Iraq constitution limits religious freedom: US official

Washington, USA - Preeta Bansal, chair of the US Commission on International Religious Freedom, says the Iraqi constitution as it is being drafted will mirror the Iranian state rather than ensuring all religious practice freely.

Bansal, a former New York State solicitor general, urged the Bush administration and other countries to intervene to make sure a theocracy does not emerge.

Speaking at a Washington Post Online Discussion, Bansal said Tuesday: "We have been concerned about the fact that while the United States has fought a war in Iraq at considerable cost of blood and treasure, the Iraqi constitutional drafting committee may well be on its way toward establishing an Iran-like judicial theocracy in Iraq.

"We believe that, at this stage of our engagement, the United States and the international community must act to ensure that democracy and freedom are supported in Iraq through its constitution as well as other measures. This is essential for regional security as well as for human rights."

Bansal, who is an attorney by profession, conducted the online discussion along with Robert Blitt, international law specialist and senior policy adviser for Iraq at the commission.

The two of them believe that the current draft of the Iraqi constitution predominantly casts a shadow over religious freedom and feel too much legal authority is being placed under Islamic law.

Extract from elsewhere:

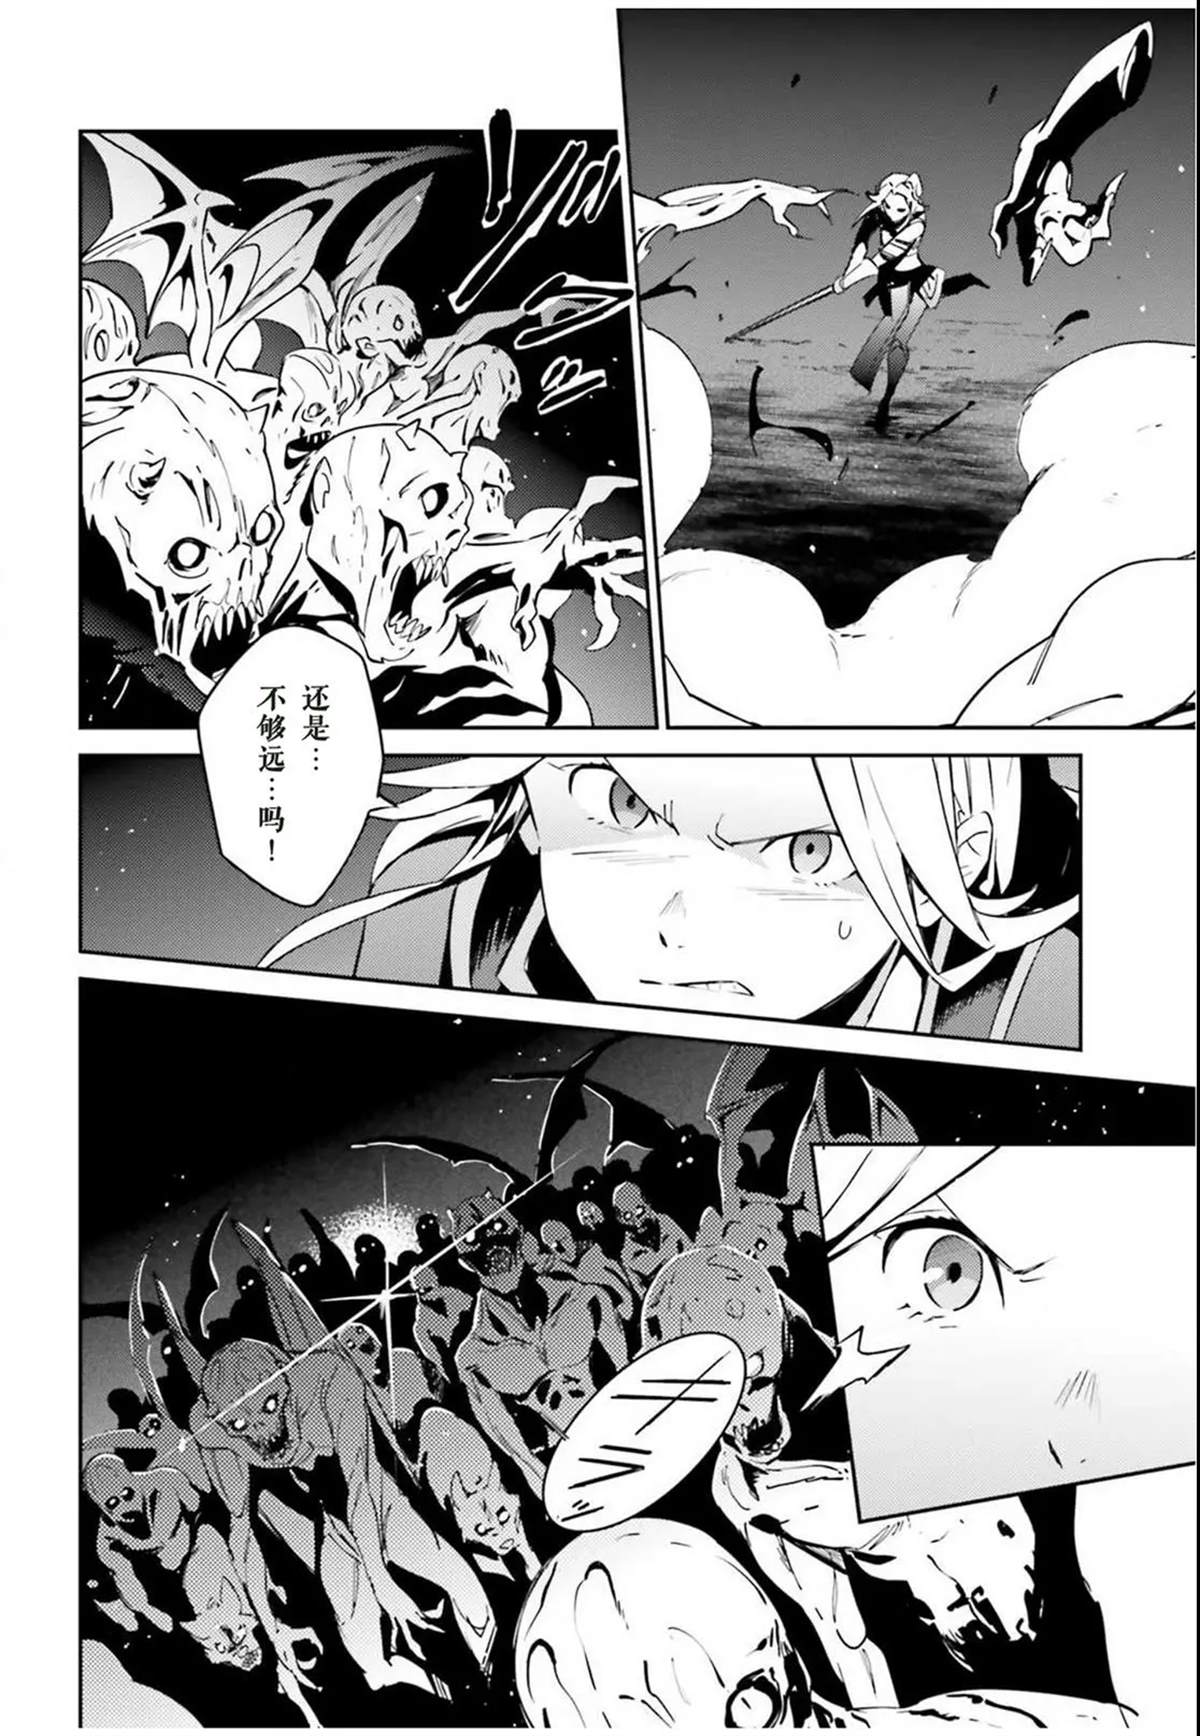 OVERLORD - 第50話 - 8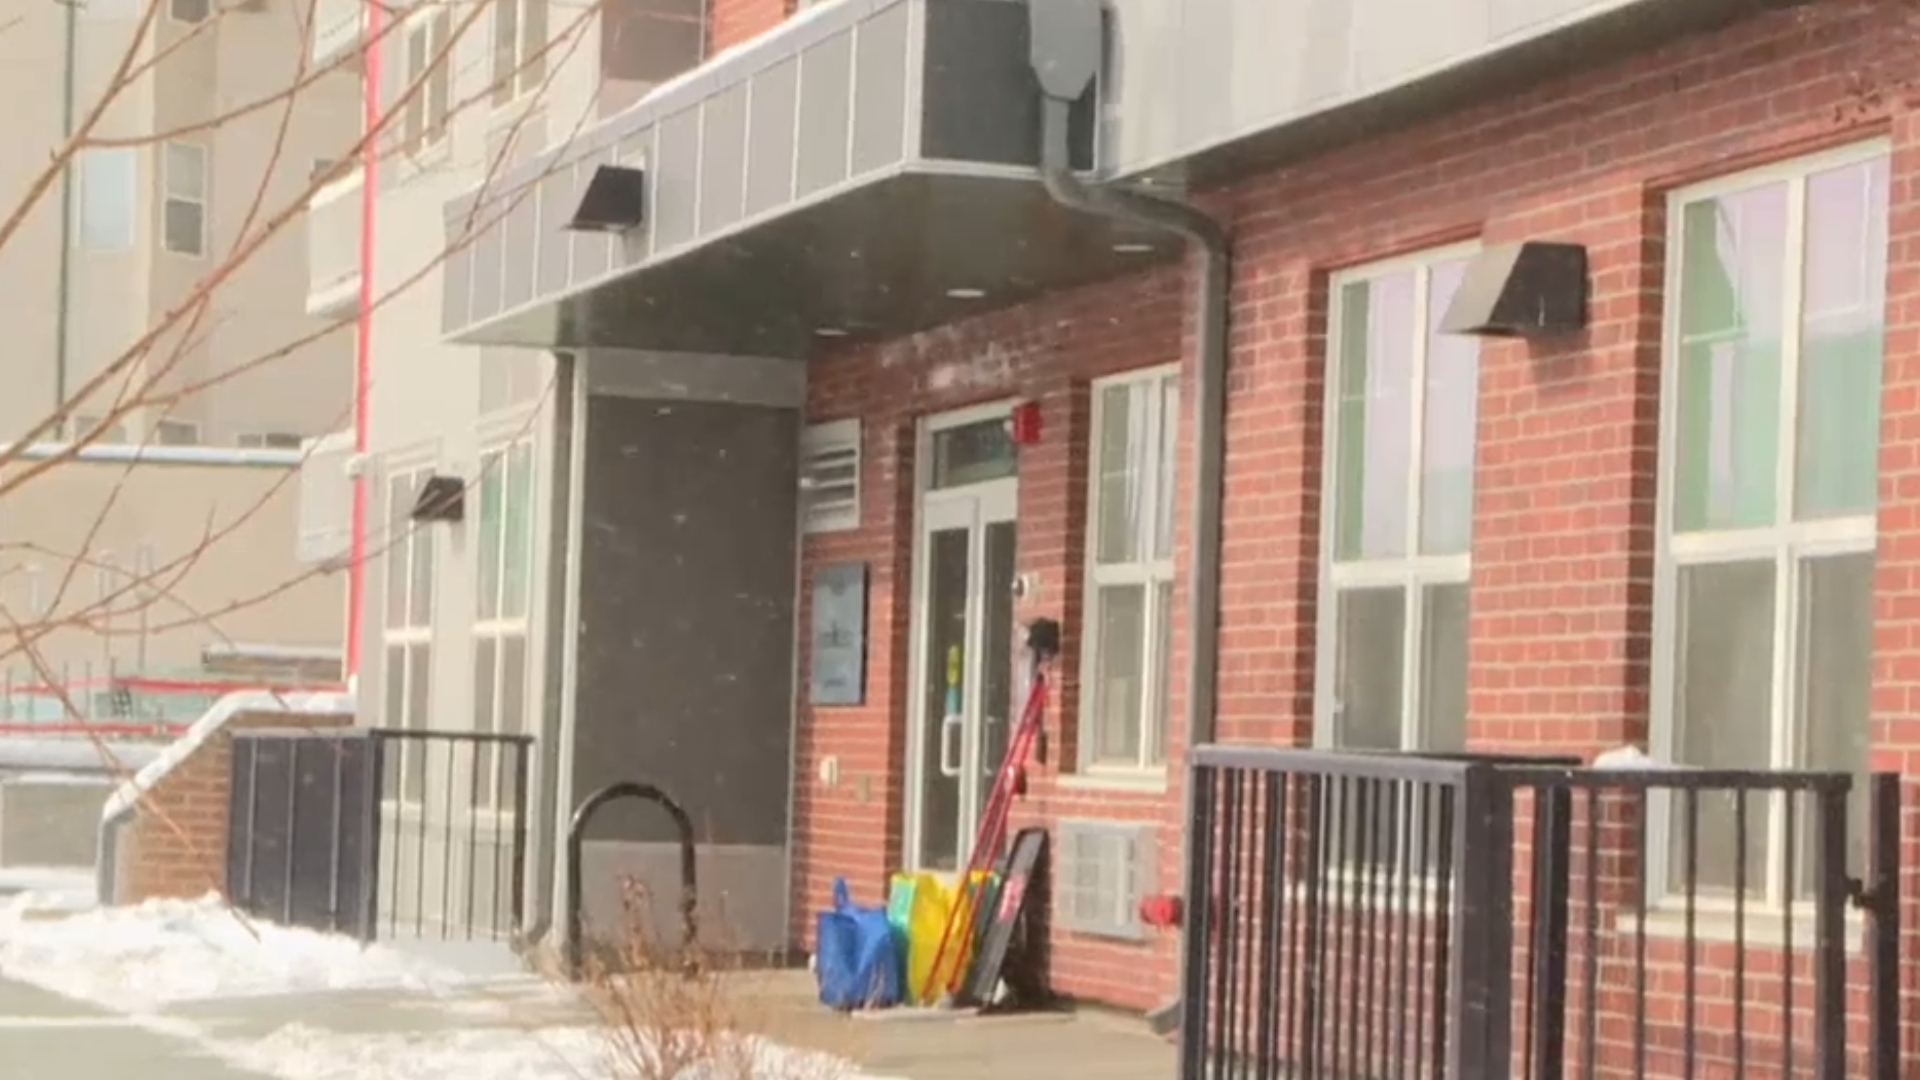 Affordable and transitional youth housing expansion in Calgary

Earlier this year, the commission had orchestrated the State Department finally deciding to deny a US visa to Gujarat Chief Minister Narendra Modi.

The US Commission on International Religious Freedom is a bipartisan independent federal agency created by Congress in 1998 to give advice to the president, secretary of state and Congress about how best to promote freedom of thought, conscience, and religion or belief abroad, as those freedoms are defined in the international human rights instruments.

While international agreements do not stop Iraq from establishing a particular religion as official, Bansal conceded, "...the drafts of the Iraqi constitution that are circulating would go far beyond establishing Islam as the official religion of the state (which is allowed).

"The drafts have Islamic law principles pervade numerous aspects of the Bill of Rights, and even make the individual rights guarantees in the constitution subject to (and able to be superseded by) Islamic law -- and so the rights guarantees for non-Muslims and non-believers (and even for Muslim believers who do not subscribe to the majority sect or the state-imposed version of Islam) could be impaired by official interpretations of Islam."

According to her, this is contrary to the requirements of international law, "and certainly would undermine a successful democracy in Iraq by chilling rights of expression, political debate and dissent, individual thought, and full participation in political and public life by all Iraqis".

Recent polls in Iraq indicate most Iraqis want Islam to have a role but they also want basic human rights protection and the freedom to practice their faith.

Apart from forcible shutting down of liquor stores, there have been instances of bombing of churches, reports of women being compelled to wear a veil, making separate entrances for men and women in university campuses, Bansal and Blitt noted, pointing to an exodus of people of non-Islamic faiths from Iraq.